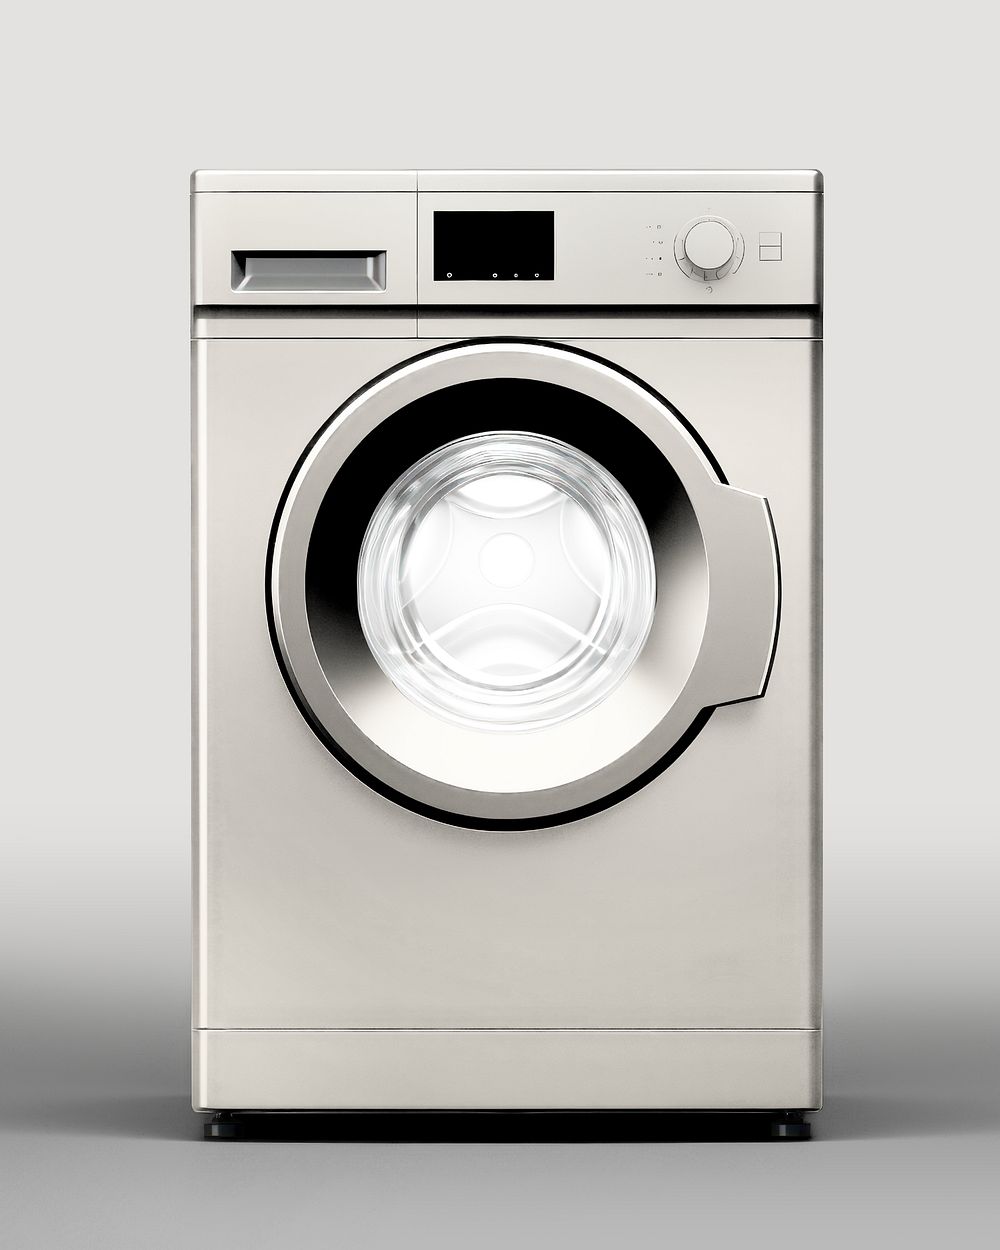 Washing machine, home appliance
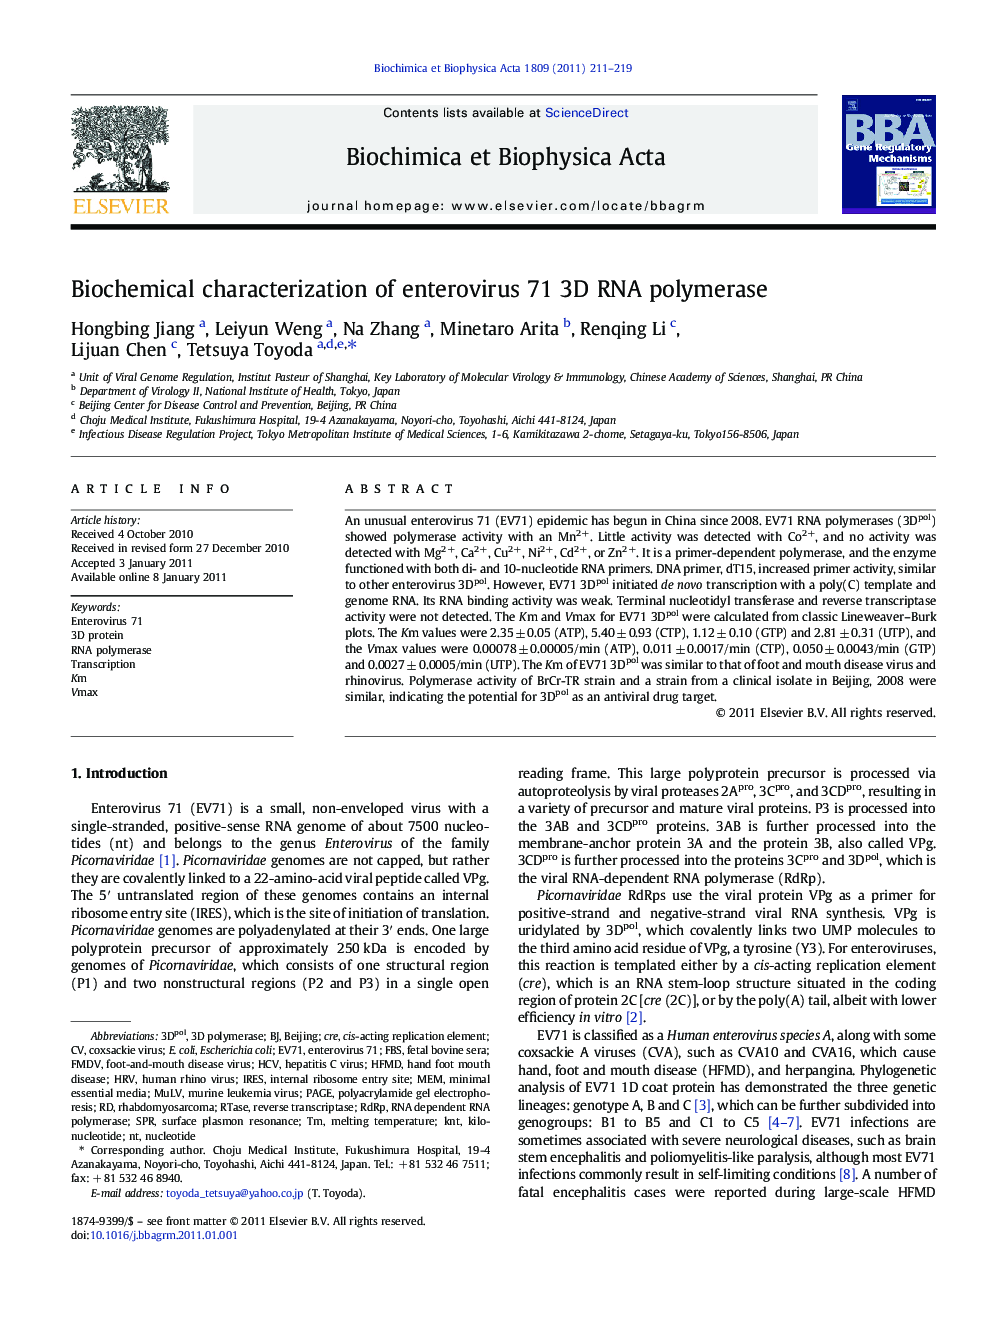 Biochemical characterization of enterovirus 71 3D RNA polymerase
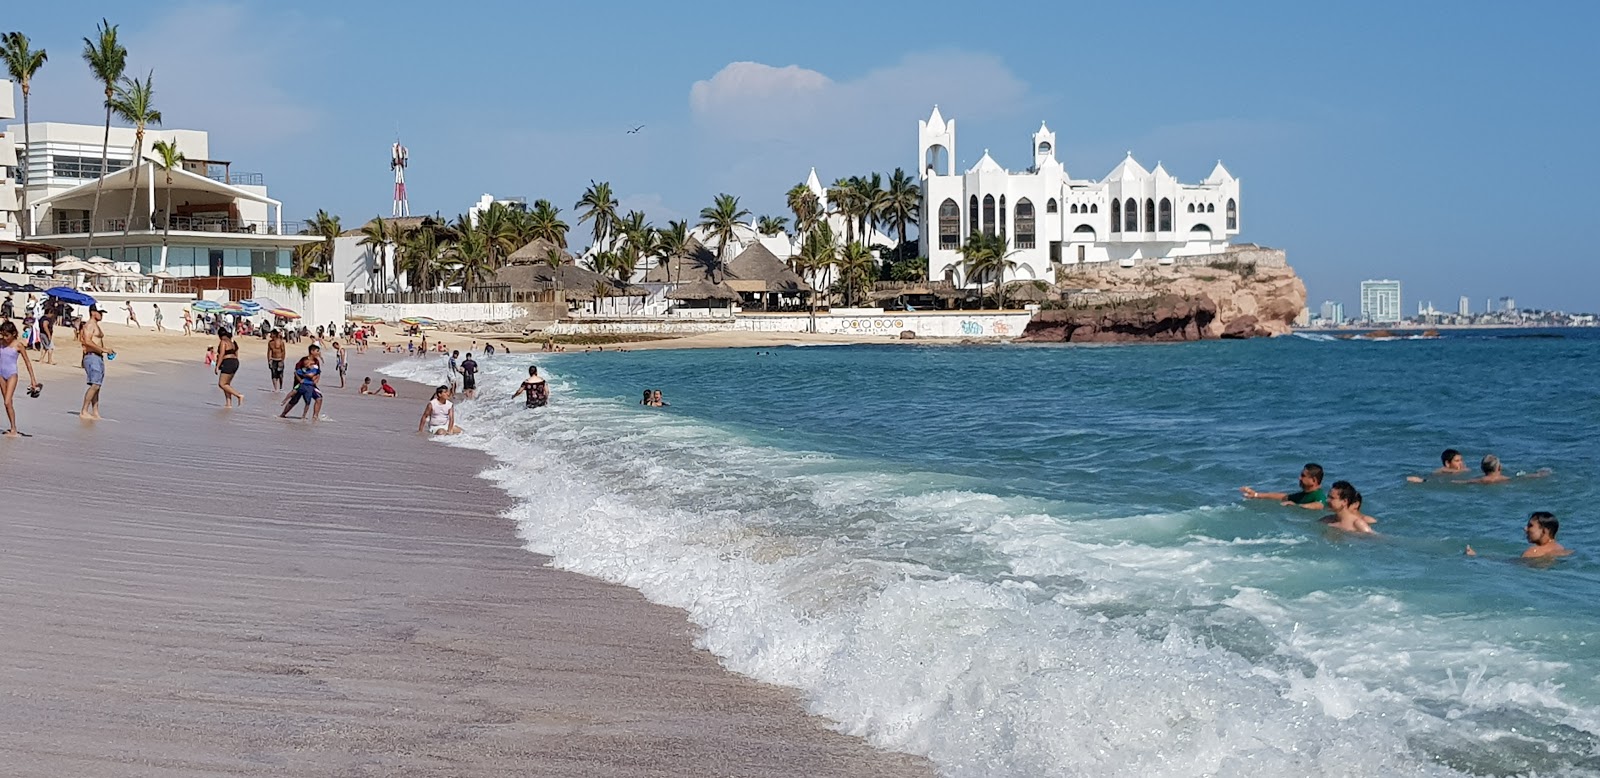 Photo of Gaviotas beach - popular place among relax connoisseurs
-----
Task description: Copy each line above exactly. Images do not belong in the copy.

Task response:
 Washing machine, home appliance
 Biochemical characterization of enterovirus 71 3D RNA polymerase
 Photo of Gaviotas beach - popular place among relax connoisseurs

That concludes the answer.